§ Data
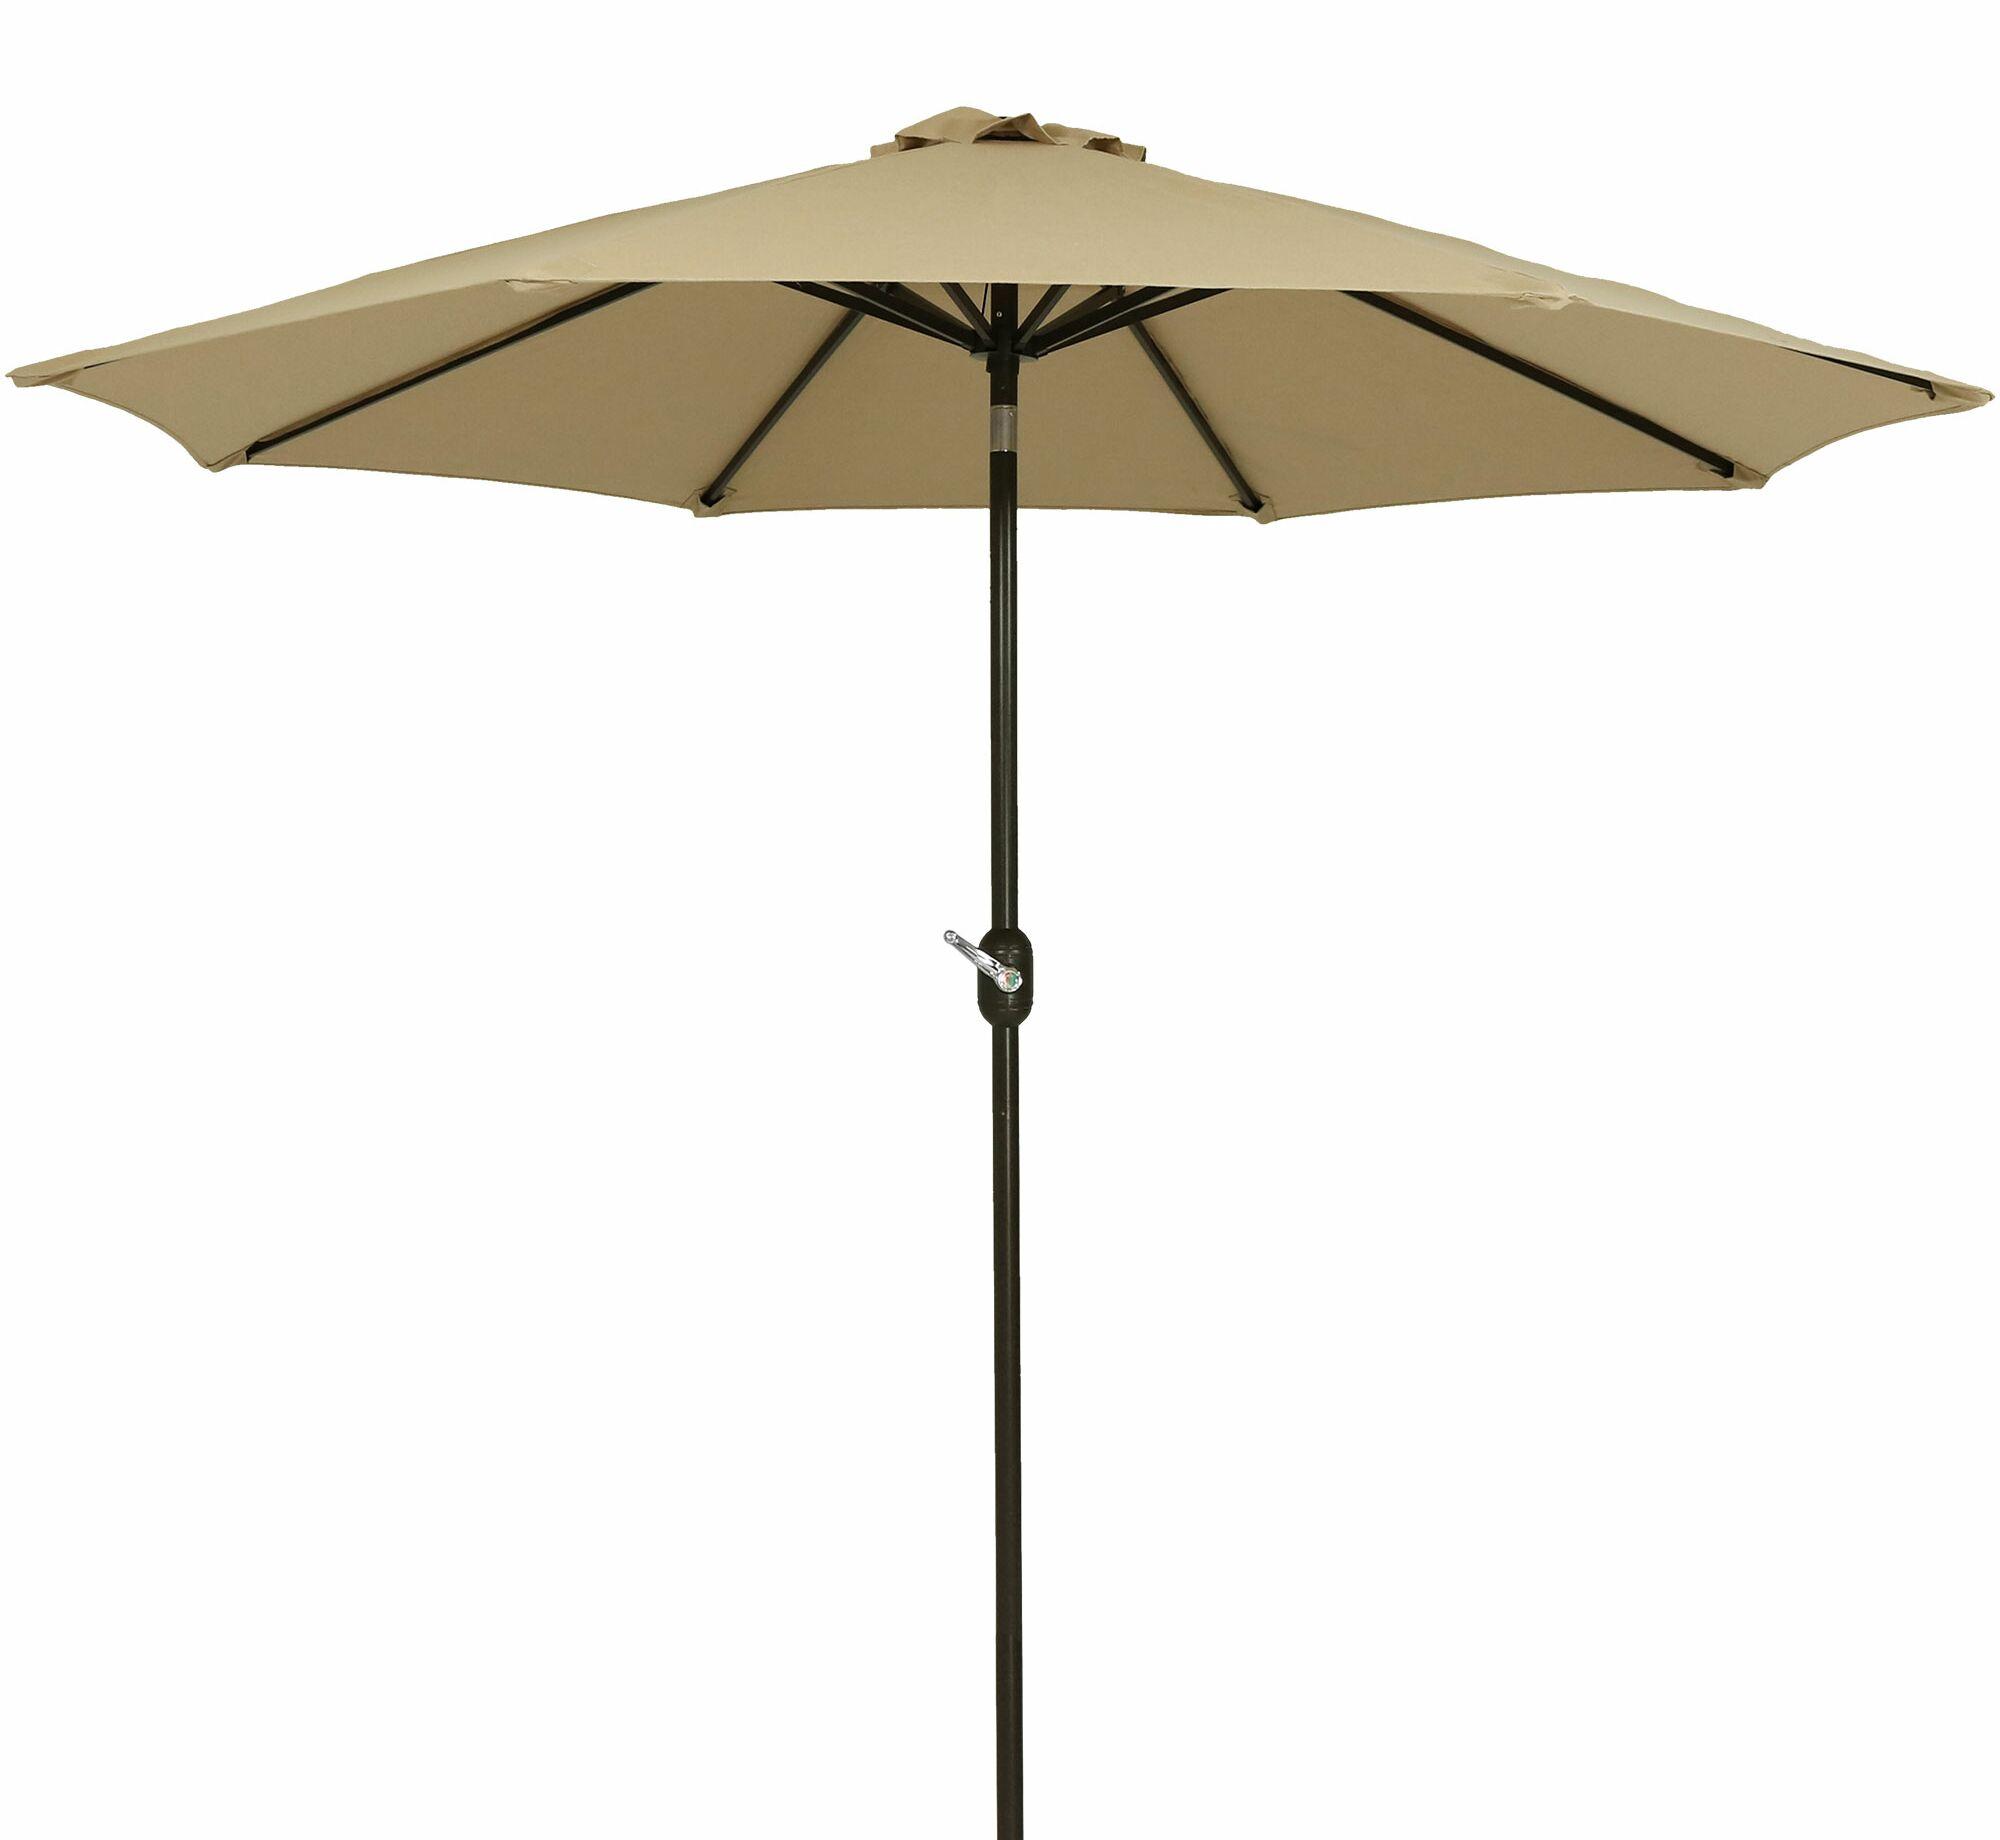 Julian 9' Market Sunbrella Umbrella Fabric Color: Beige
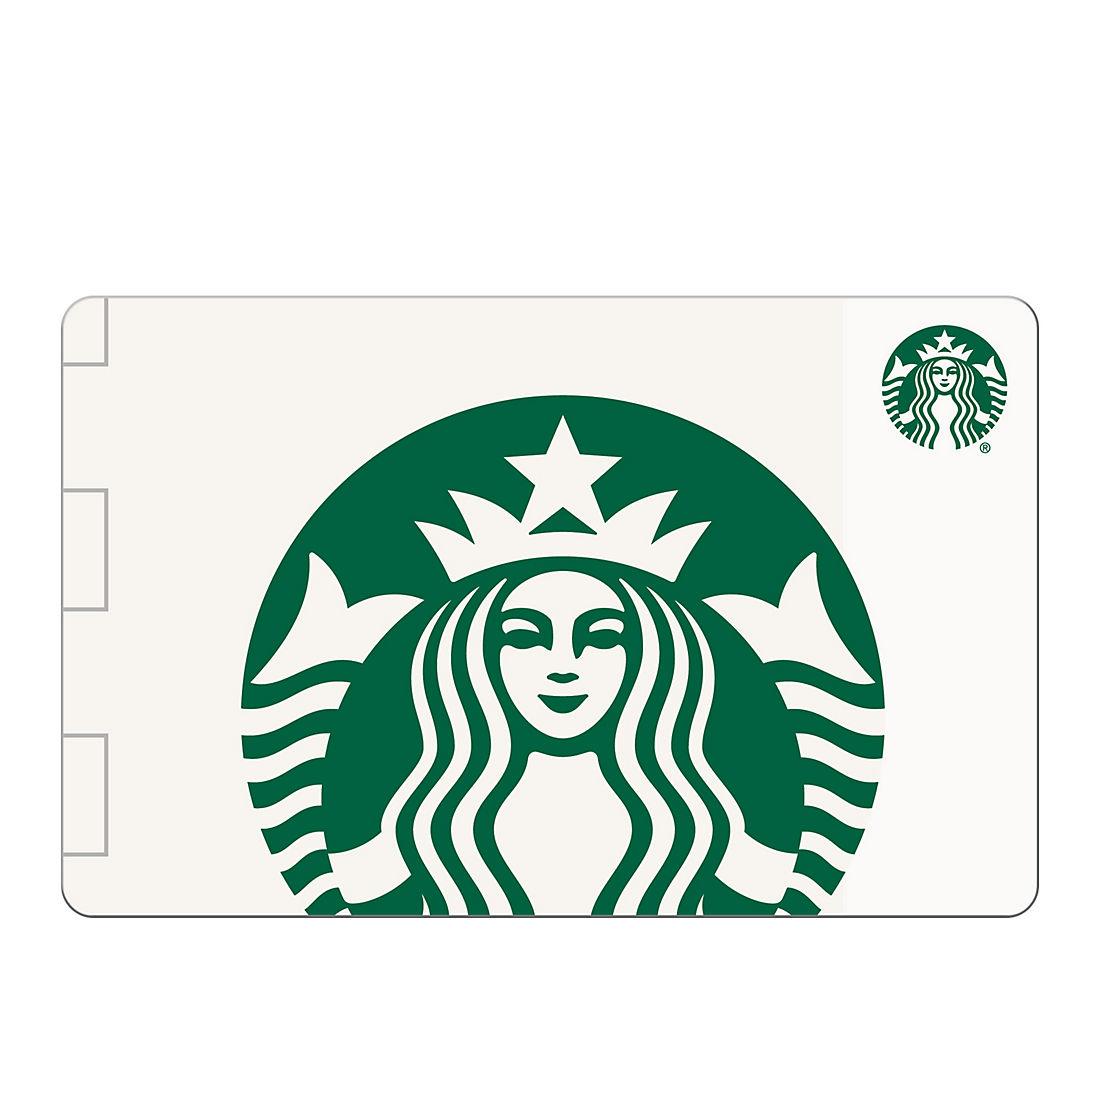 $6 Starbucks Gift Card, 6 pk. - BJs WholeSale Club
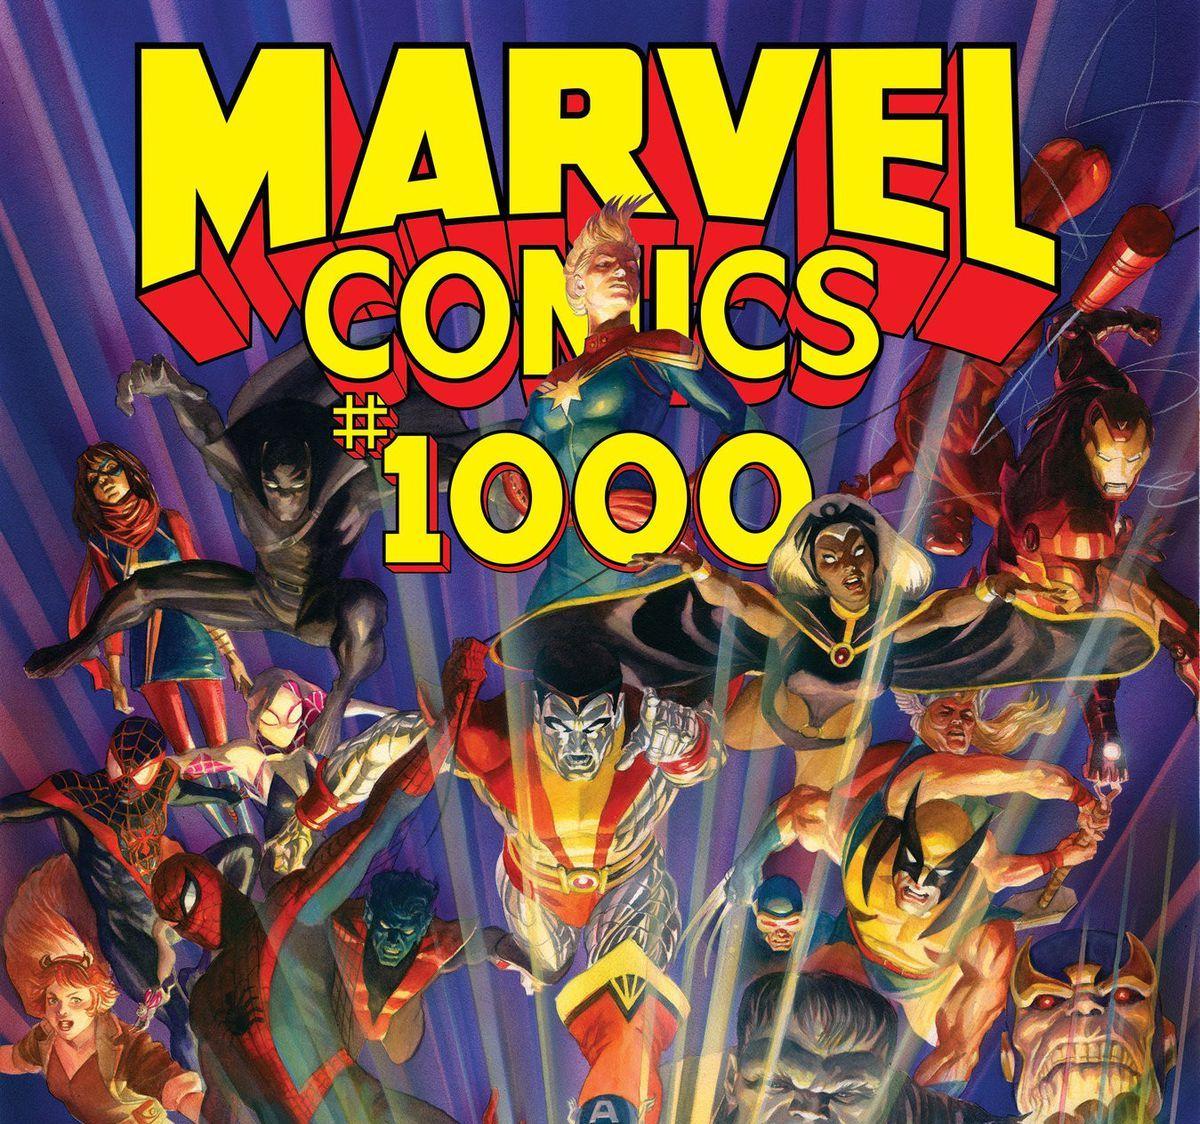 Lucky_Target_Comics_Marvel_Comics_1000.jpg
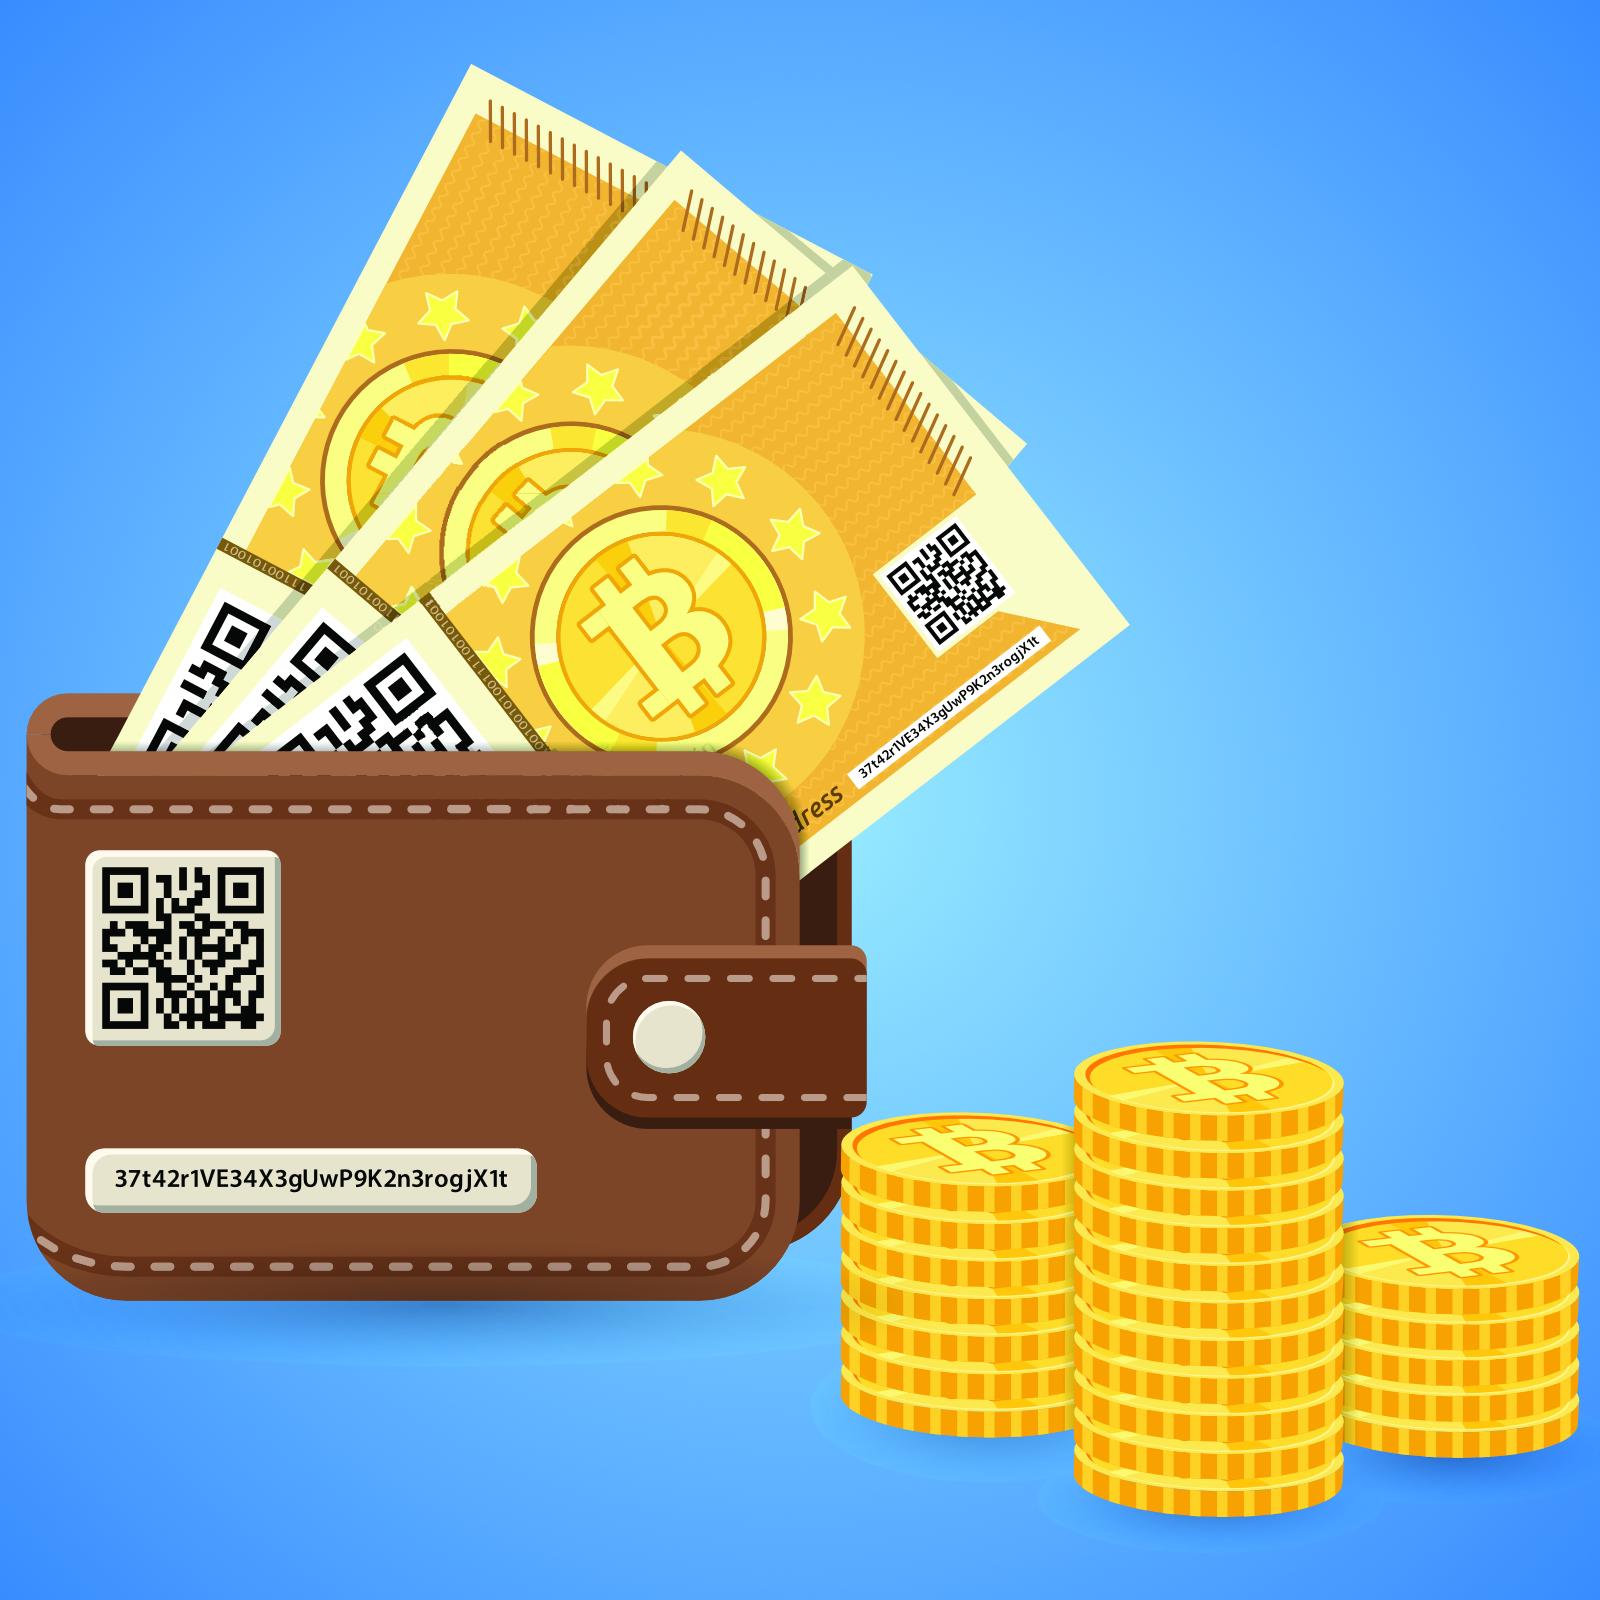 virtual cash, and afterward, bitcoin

§ Try it
Inclusive range, exact copy: the line containing "Lucky_Target_Comics_Marvel_Comics_1000.jpg" through the last line of the listing. Print nothing else, and no pictures.

§ Written answer
 Lucky_Target_Comics_Marvel_Comics_1000.jpg
 virtual cash, and afterward, bitcoin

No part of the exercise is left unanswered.